In the late 1980s to early 1990s and after Imagine's breakup, McNeil had the idea of forming The Fab Four after he and fellow musician Rolo Sandoval noticed Paul McCartney impersonator Ardavan Sarraf singing McCartney's Coming Up and winning the prize money at a sound-alike competition at The Fest for Beatles Fans (formerly Beatlesfest) in Los Angeles. The year prior, McNeil performed Lennon's song Imagine at the competition. McNeil said that "He sounded so much like Paul my hair stood up on the back of my neck". McNeil later got Sarraf's number and phoned him about his idea, in which Sarraf at first declined.
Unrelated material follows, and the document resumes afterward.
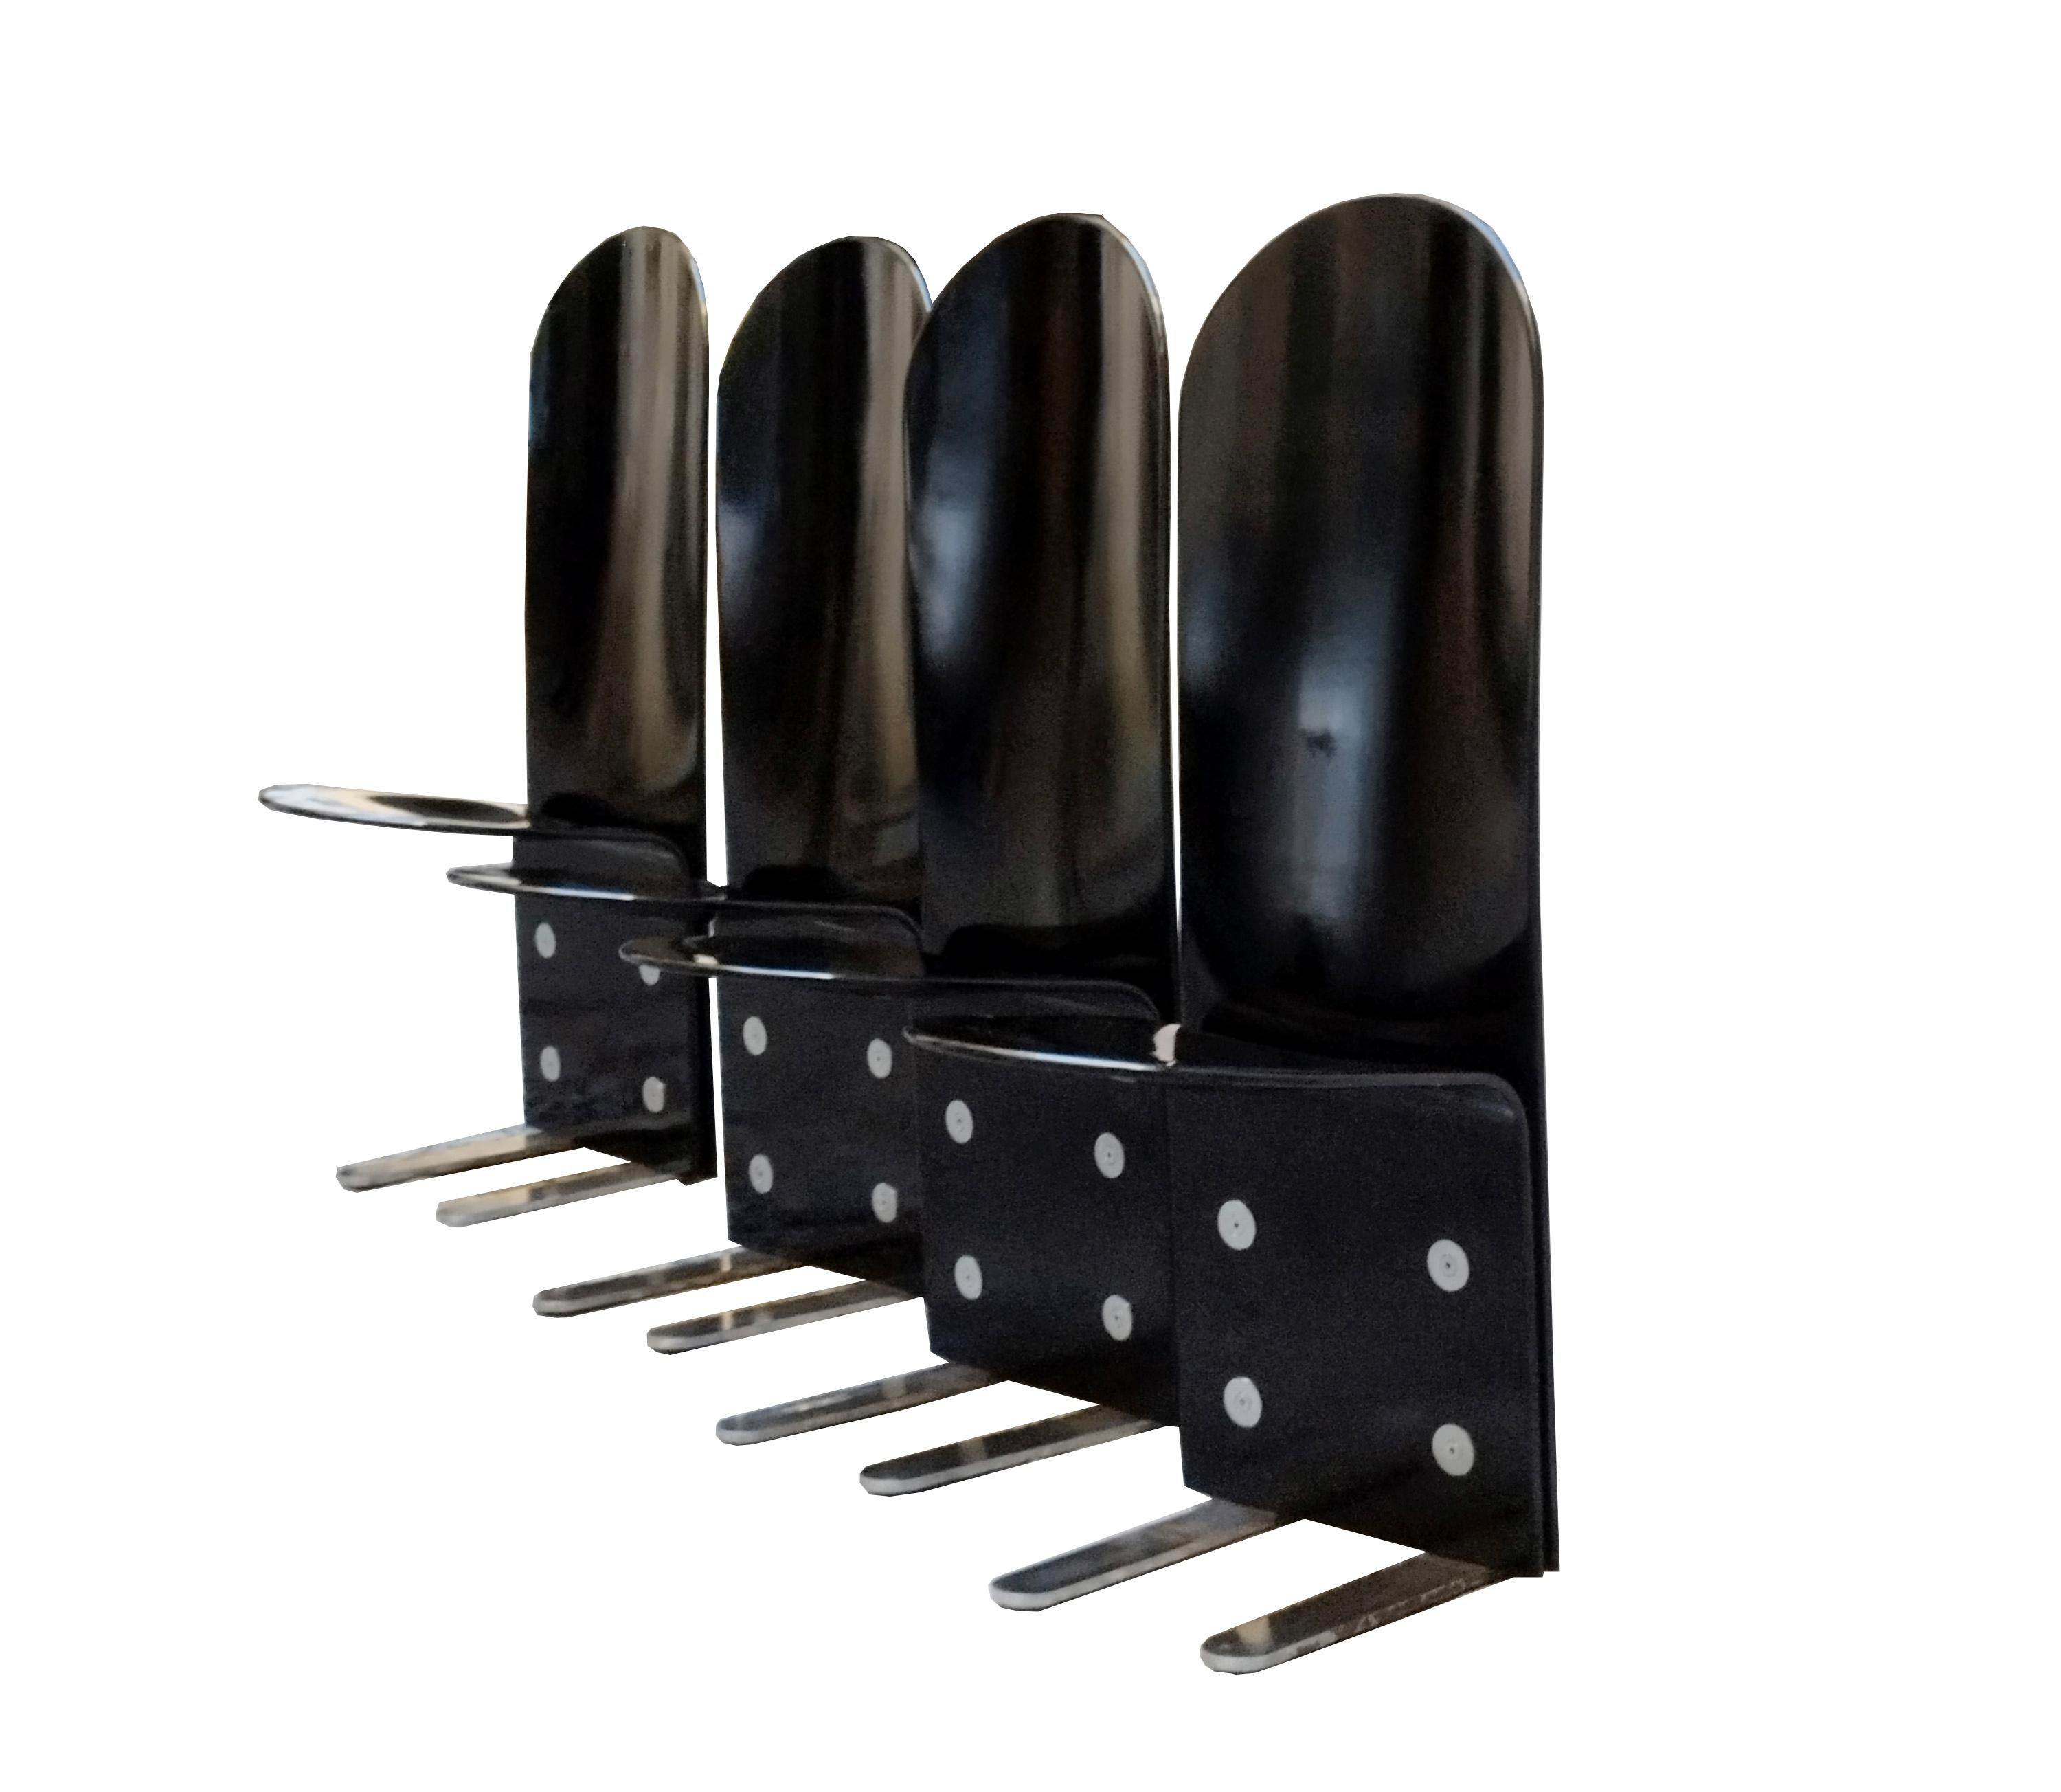 Satz von vier Stühlen Modell Pellicano aus gebogenem, schwarz lackiertem Holz Verchromte Stahlfüße mit Schrauben und Unterlegscheiben zur Befestigung des Holzes, Designer Luigi Saccardo für Armet Mitte der 1970er Jahre.

However, after many conversations, Sarraf eventually agreed, leaving to McNeil co-founding the Fab Four with Sarraf, Sandoval, and Michael Amador in 1997. Before then, most of the original members, including McNeil, were in separate Beatles tribute bands. In an interview in 2013, despite the growing fame of the band, McNeil mentioned "It's no big secret our rivals are a group called Rain," being the band's main competitor Rain: A Tribute to the Beatles.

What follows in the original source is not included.